6 COMPLETE ANNOTATION OF THE GENOMES of selected model organisms so that we have either a known or putative function for all genes, would allow biomedicine to advance more rapidly. At present, so-called “complete” genomes are far from “complete.” We should select eukaryotic and prokaryotic model organisms for a focused attack on complete annotation, and use all experimental, bioinformatics, and data-mining tools on these organisms. A sequel to complete annotation should be complete elucidation of the metabolic, signaling, and homeostatic pathways and networks of these organisms.
7 IMPROVED COMPUTERIZATION OF THE HEALTH-CARE DELIVERY SYSTEM should be achieved in this decade. The relatively primitive information technology environment supporting the delivery of health care results in extra expense and avoidable error. There is a major need for a nationally interoperable system of medical records that will support transferable patient records, diagnosis and treatment based on integrating the patient record with relevant basic and clinical knowledge, and efficient patient monitoring. A logical consequence and extension of this computerization would be an information environment that would support the deployment of personalized medicine, where diagnosis and treatment would be optimally keyed to the patient’s history and genotype.
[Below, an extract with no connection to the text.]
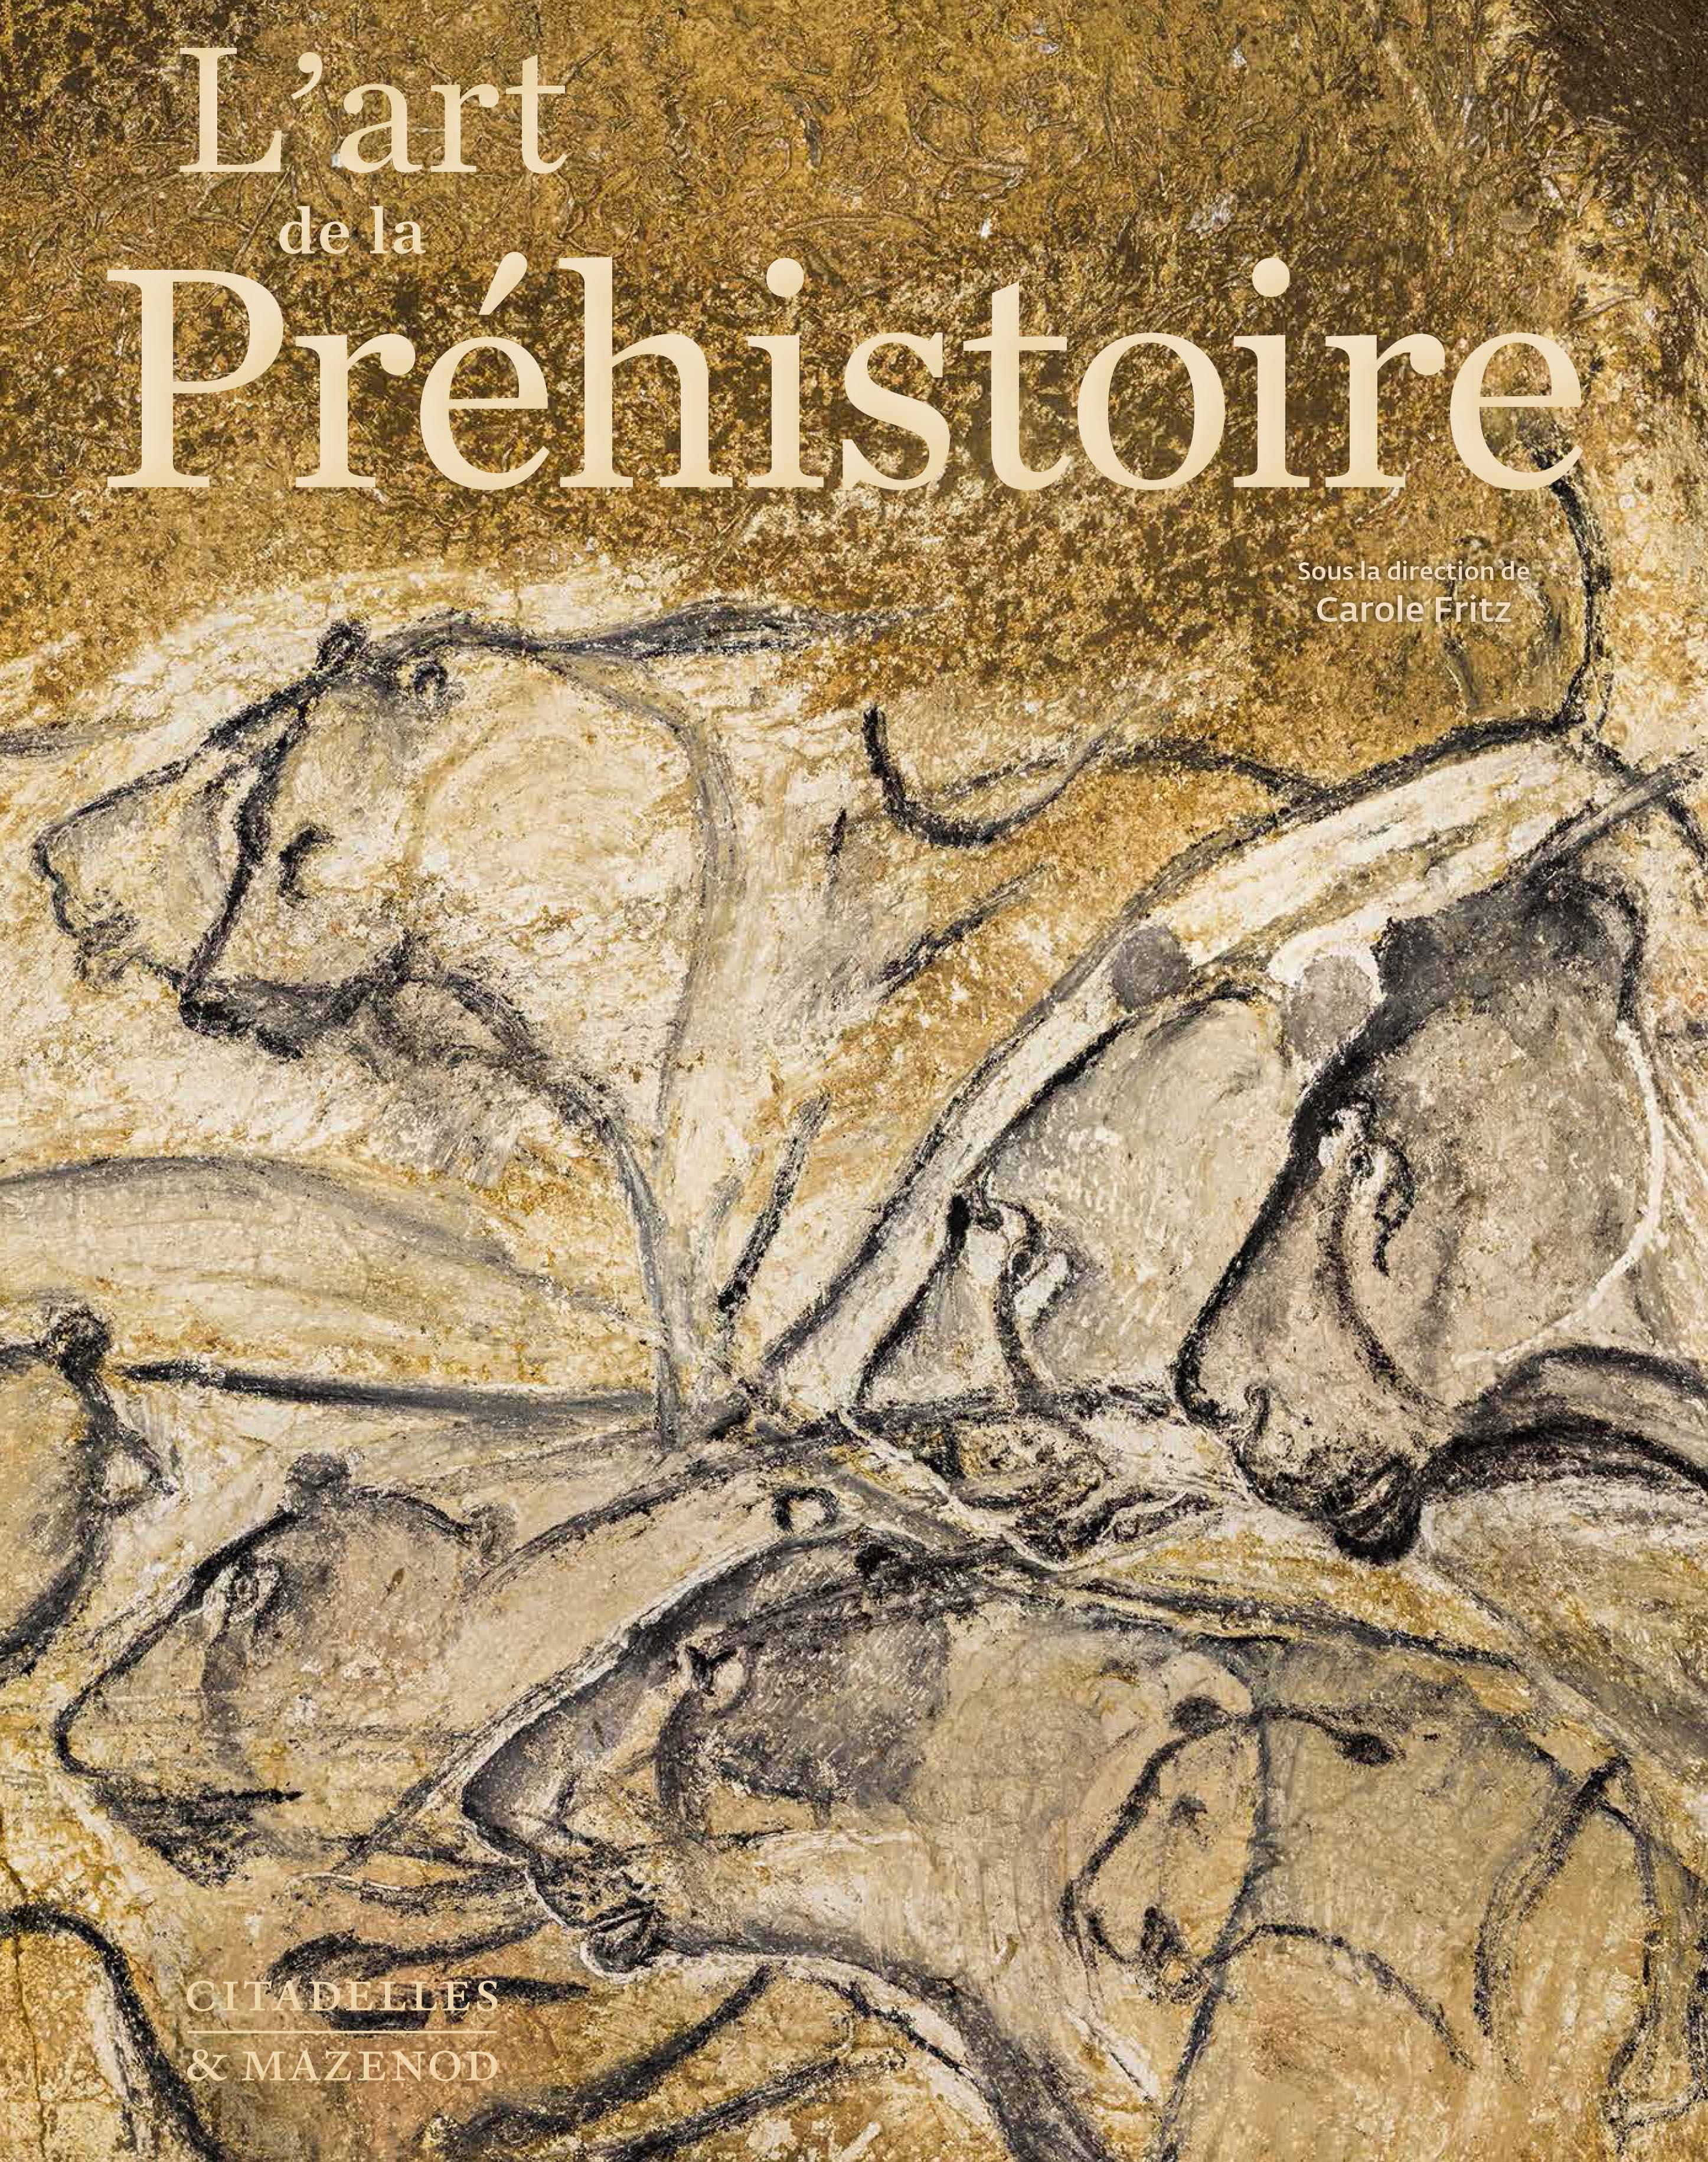 Art de la Prehistoire-Citadelles et Mazenod-couv.jpg

8 MAKING SYSTEMS BIOLOGY A REALITY by integrating appropriate computational tools would provide a much-needed computational environment for information-based modeling of pathways, networks, cells, and tissues. At present many useful tools for systems biology have been created, but they are not integrated into computational environments that provide for automatic interaction of multiple programs and functionalities to address generally useful issues in biomedicine. The tools themselves also need improvement in their scope of applicability, computational efficiency, and ease of use.
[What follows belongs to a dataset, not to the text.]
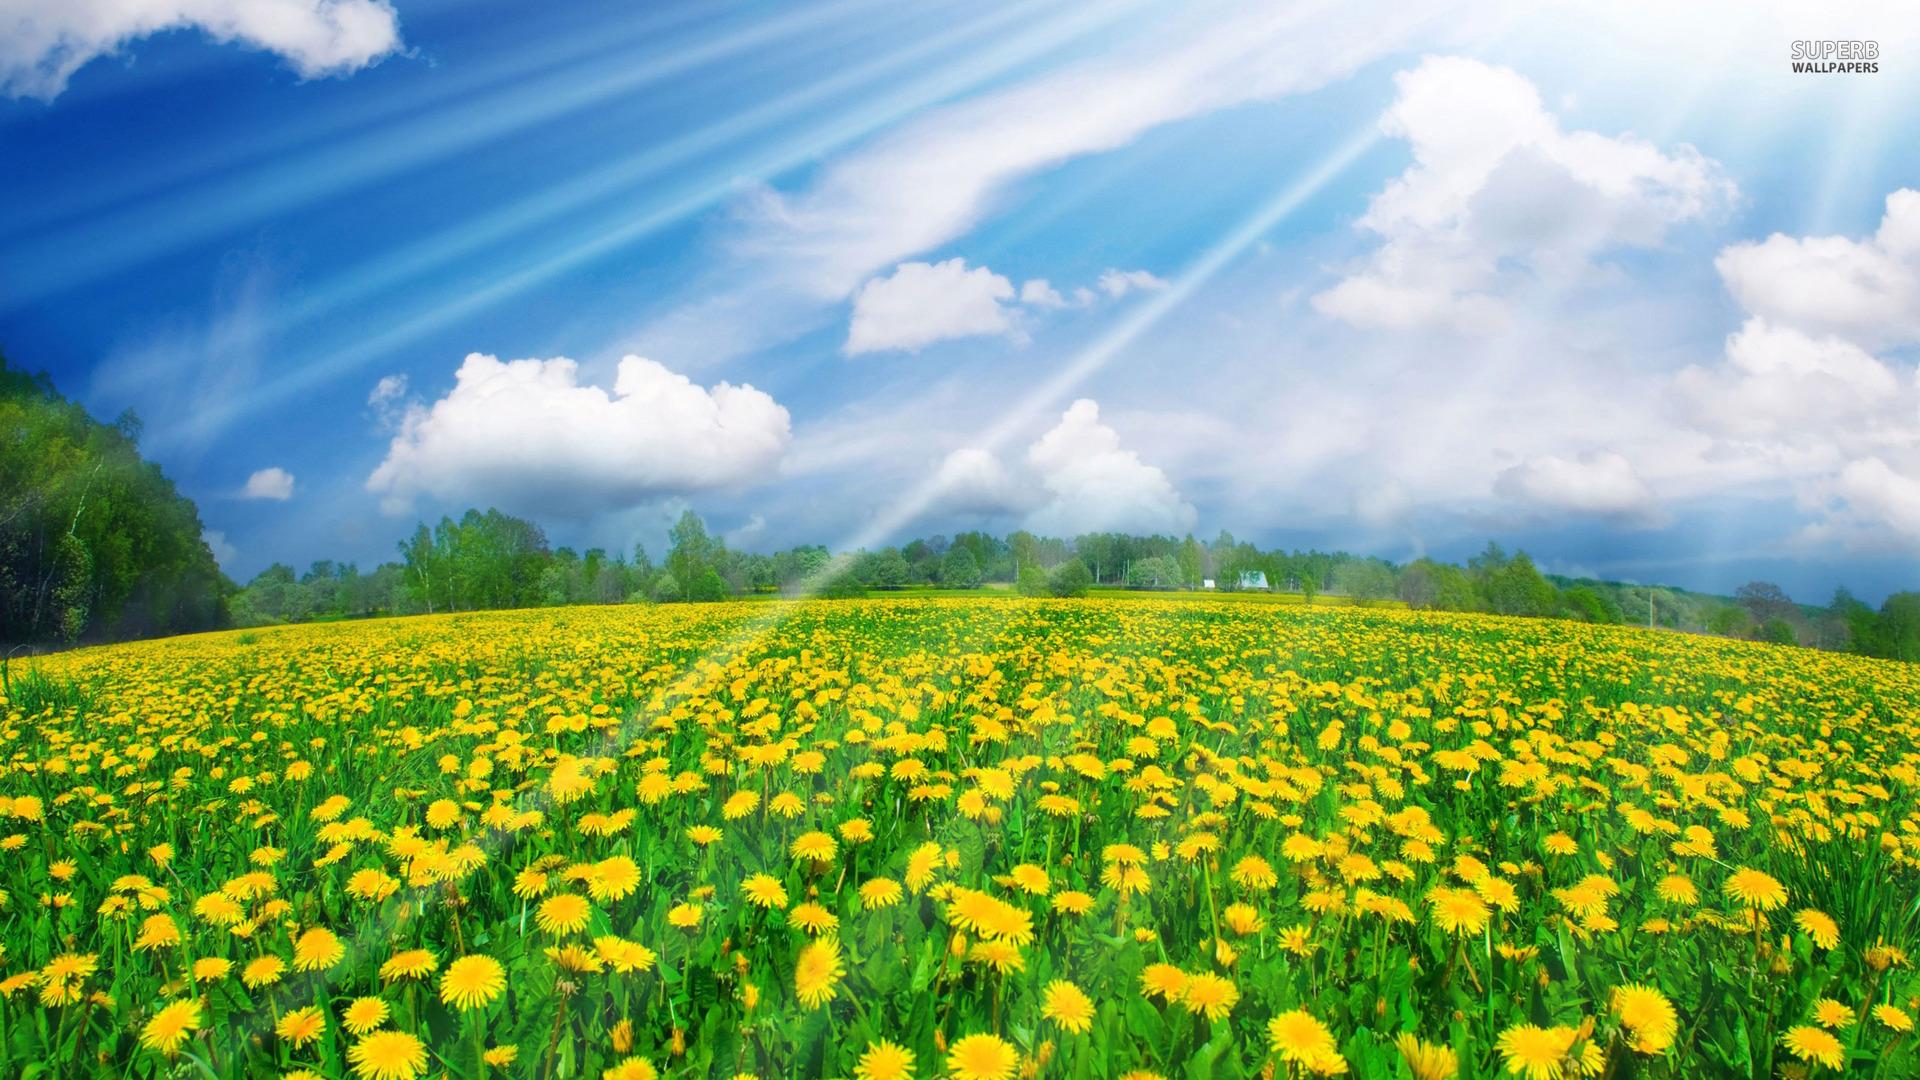 Sunshine Over Dandelion Field HD Desktop wallpaper, images and photos

9 TUNING BIOMEDICAL COMPUTING SOFTWARE TO COMPUTER HARDWARE will permit more efficient use of computing resources. Biomedicine uses substantial computing resources at all levels, from the desktop to high-end supercomputing centers. A large fraction of these resources are not efficiently used, as the hardware and software are not tuned to each other. For example, a computing system may have very high processing throughput but not a high bandwidth between the processor and massive data sets contained on hard drive. Thus, such a system is not well suited for a particular biomedical application that requires frequent and massive communication between the processor and the hard drive. Addressing this problem will allow research to advance more rapidly.
10 PROMOTING THE USE OF COMPUTATIONAL BIOLOGY TOOLS IN EDUCATION will help forestall a likely shortage of quantitatively competent researchers. The biomedical research enterprise is heading for a such a shortfall due to a convergence of two trends: increasing opportunity in other countries for international students who up to now have trained in the United States and made their careers here; and the relatively small numbers of American students with strong quantitative skills who are opting for careers in biomedical research. In this context we recognize that the same developments that are making biomedical computing tools useful to experimental researchers also can make them the basis of compelling problem-solving educational environments for students. There is a strong need to adapt biomedical computing tools to education at all levels in order to capture their power to motivate youngsters to pursue biomedical research careers.